The price of oil has now risen from about $40 per barrel to the $70's, a level at which American companies can now comfortably compete.

"And that has enabled us to put more production online," Sgamma said. "And every time we increase production, we suppress prices so we continue to keep prices affordable at the gas pump for consumers."

It may not seem like that when you fill your tank. Experts say the price increases you are seeing now are mostly the result of unrest in major producing countries like Venezuela, and the president's renewed sanctions on Iran.

They point out, however, that in years past, output disruptions like these would have caused your gas prices to shoot up by dollars rather than cents.

"A situation like this in the Middle East could have added $10 or maybe $20 to a barrel of oil," explains Flynn. "Because the U.S. are major producers now they're creating a buffer not just for the U.S. economy, but for the global economy."

Not everyone is happy with American oil's good fortune, though. Jesse Prentice-Dunn, advocacy director for the Center for Western Priorities, said the success comes at a steep price.

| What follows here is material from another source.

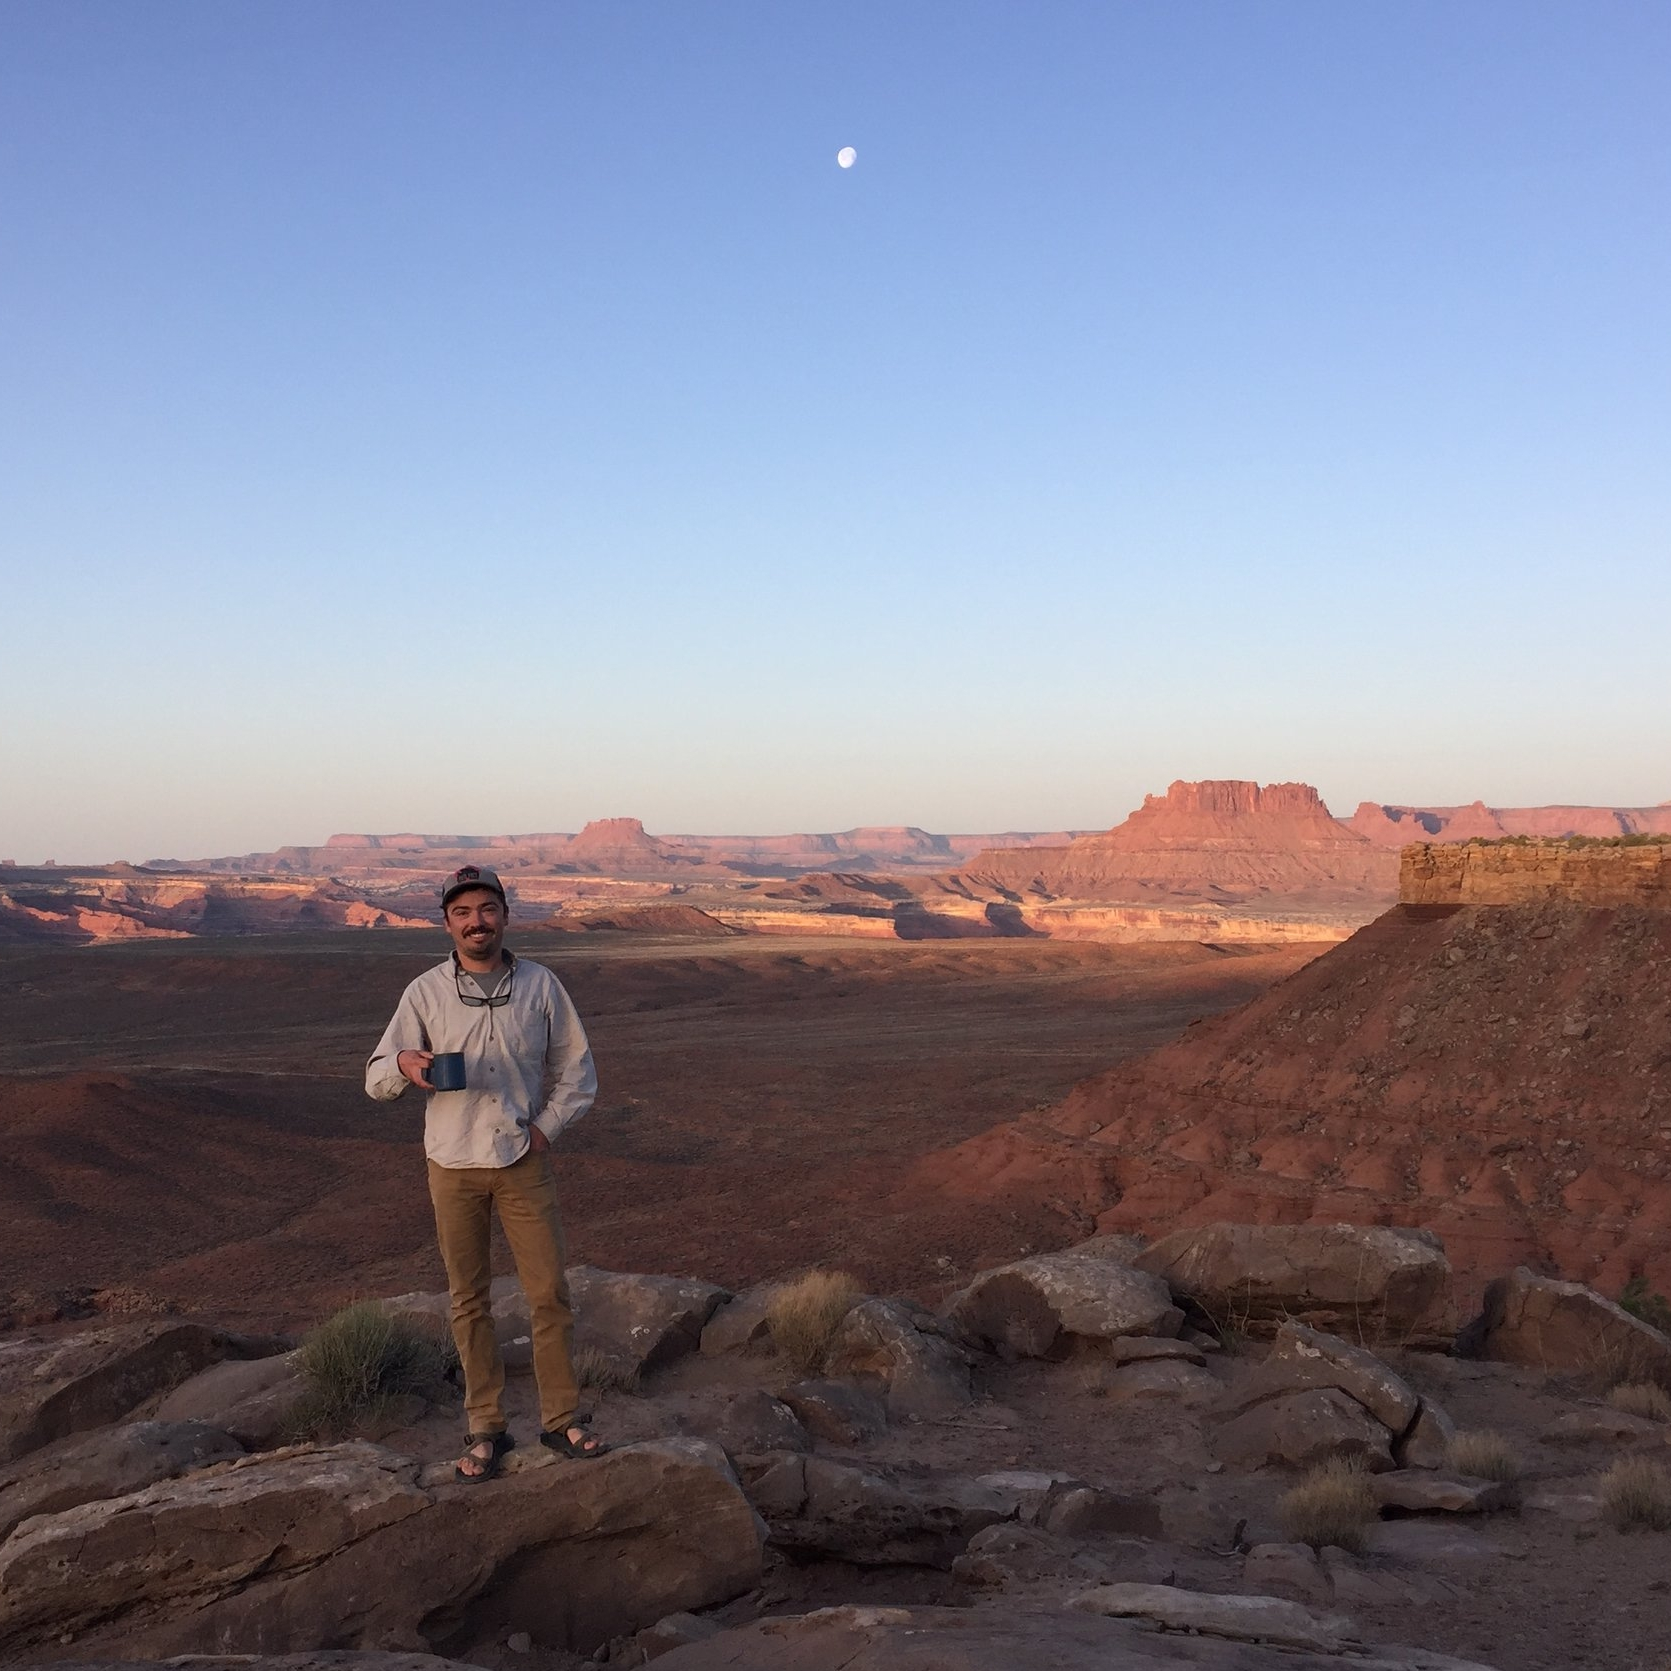 Morning coffee near Moab, UT

"I think one thing this administration should pay attention to is not just the amount of energy we're producing but what the impacts are on our communities, how they can assure that towns across the West are safe and healthy from all the development."

And while some applaud the president's rollback of regulations on fossil fuel production, Prentice-Dunn believes the environment and planet will suffer in the long run.

"It seems like we're going back in time almost 100 years now to where oil and gas are king. This administration has certainly pushed those forms of energy and actually pushed against renewables," he said.

The Trump administration is now proposing to cut America's Strategic Petroleum Reserve in half. The emergency store of oil was created after the 1973 Oil Embargo as a buffer against foreign threats to America's energy security.

"So the world has changed dramatically in just a few years," Flynn said. "From being dependent on foreign countries for our oil and our economic life blood, to a point where now we feel so confident about U.S. production we're thinking about getting rid of the Strategic Oil Reserve."